As part of our series exploring the impact of the Nationality and Borders Bill, Project Mama have written about the impact of that the bill will have on expectant mothers. 

Project MAMA provides one-to-one birth companions to migrant women and displaced people to ensure they give birth safely, can make informed choices and receive the nurturing support they need for a positive birth and early parenting experience. We seek to improve the health & wellbeing in women who often experience multiple disadvantages, exacerbated by displacement. 
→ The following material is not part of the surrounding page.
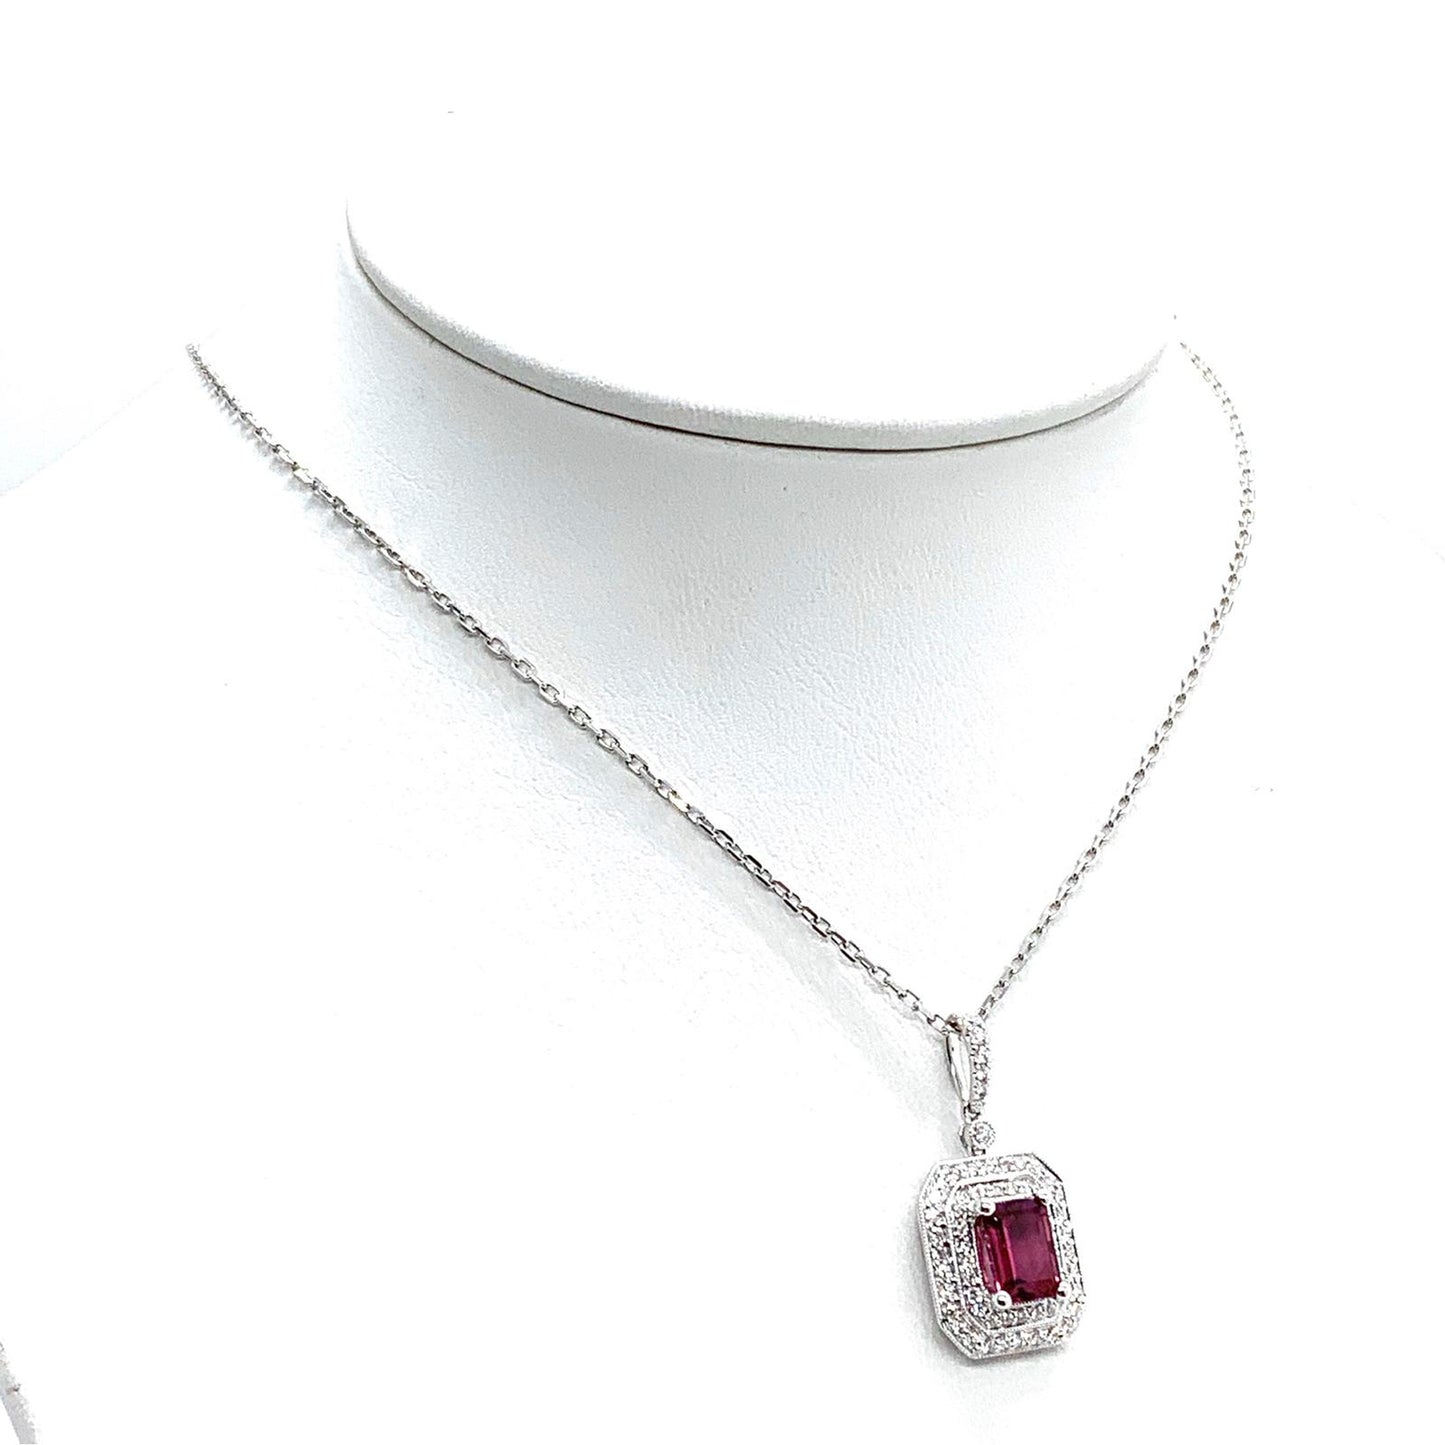 Diamond Rubellite Tourmaline Necklace 18" 18k Gold 1.80 TCW Certified $4,950 921140 - Certified Fine Jewelry

Many mothers-to-be we support have already faced the ‘triple arrow’ of trauma: being displaced from their country of origin, the frequently dangerous journey people make to find safety, and arriving in an already hostile immigration system in the UK. For people seeking asylum who may have experienced torture or trauma, mental health issues are already exceptionally high, even before they reach countries of resettlement. 

As the truism goes, ‘it takes a village to raise a baby’, and we can all understand that  adequate support, companionship and a community around a new parent is vital to ensure the best start to a child’s life. Ensuring a mothers mental health and wellbeing so they have the wherewithal to be primary caretaker, often with no resources, money or place of safety, should be a non-negotiable. Safe motherhood should not be contingent on privilege, socio-economic status, displacement or immigration status. We shouldn’t live in a society where we need to remind those who govern that safety is a human right. 
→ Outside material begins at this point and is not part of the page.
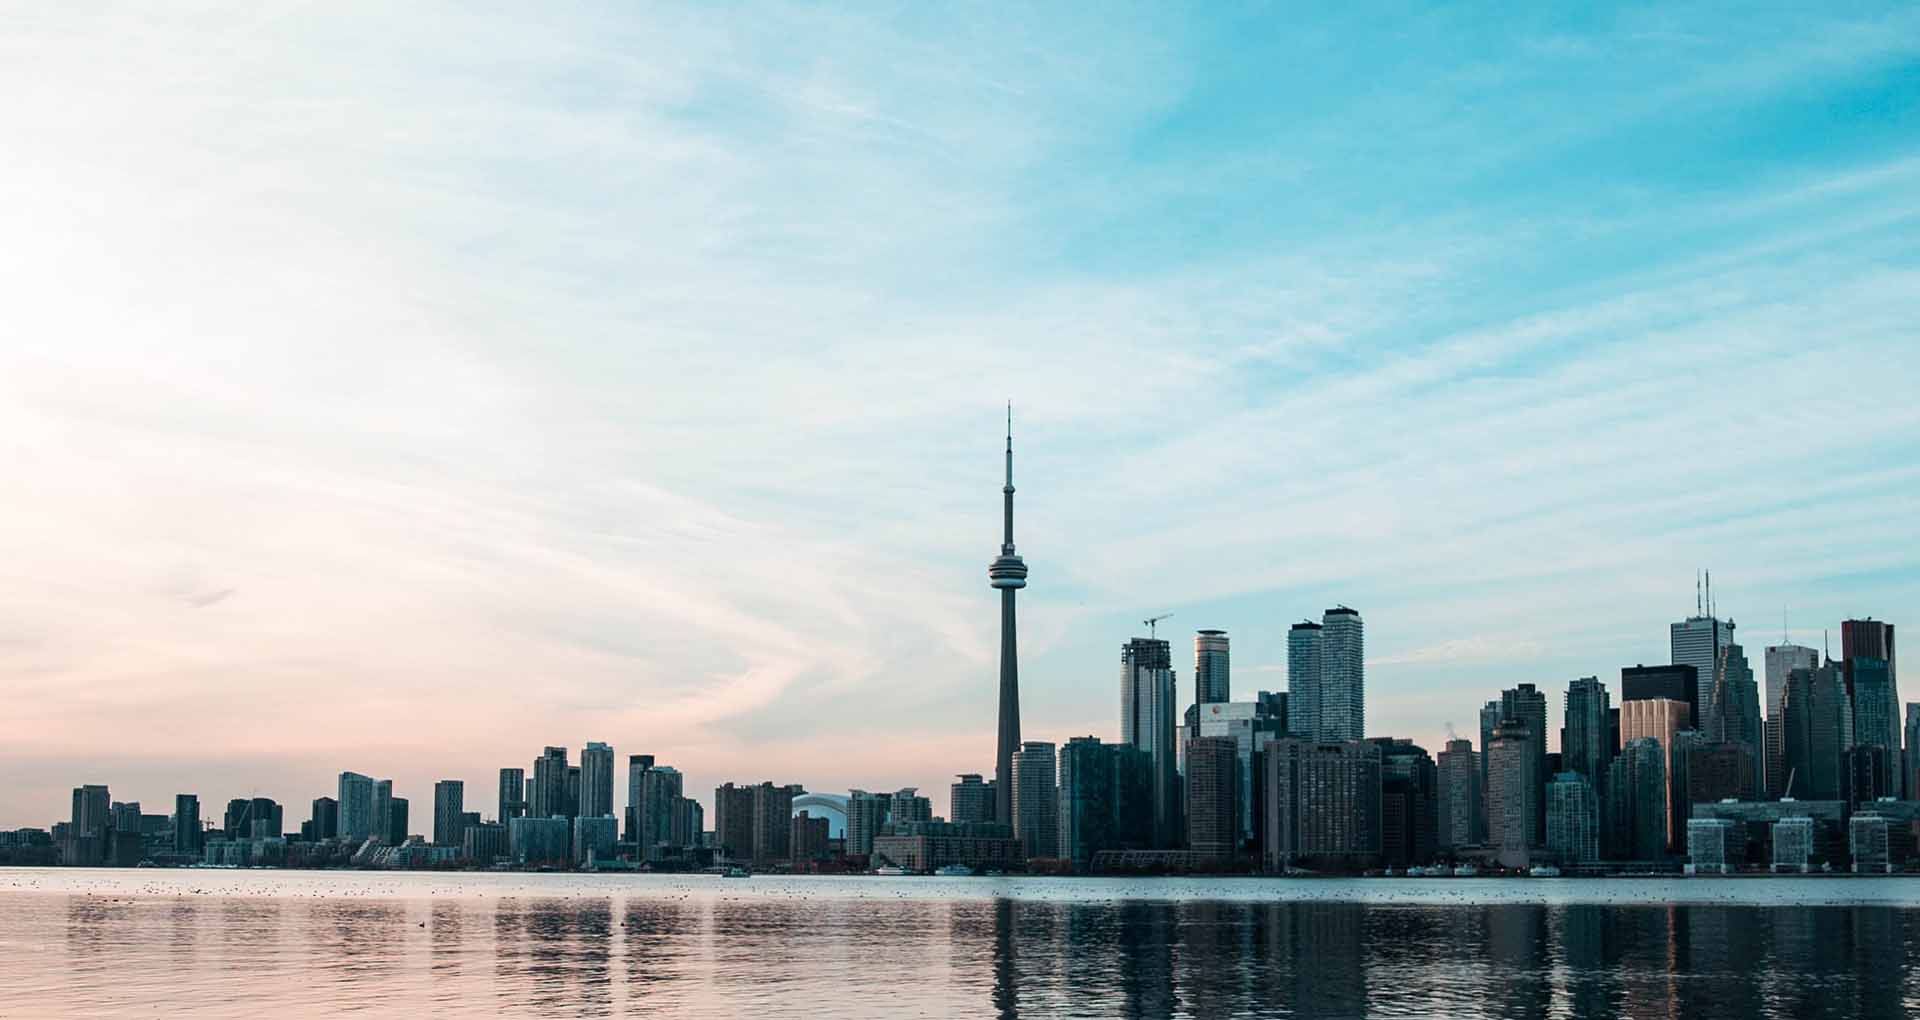 The skyline over Toronto

In the current political climate, the aptly named ‘Hostile Environment’, we constantly encounter pregnant mothers burdened with immigration anxieties which undoubtedly have detrimental ramifications on health and wellbeing outcomes. We are seeing an increased number of newly arrived women seeking safety in the UK, already heavily pregnant, afraid to access maternity care lest they be charged vast amounts of money or even deported. We commonly see a cascade of birth interventions sky-high, compared to British-born women, instead of the necessary swirling hormone-soup required for a safe and happy birth. Mothers are stifled with fear, adrenaline and uncertainty, concerned about whether they’re likely to be housed or detained after leaving hospital. The irony of a new mother holding a new life in her arms with little choice or understanding of the direction of her own is not lost. 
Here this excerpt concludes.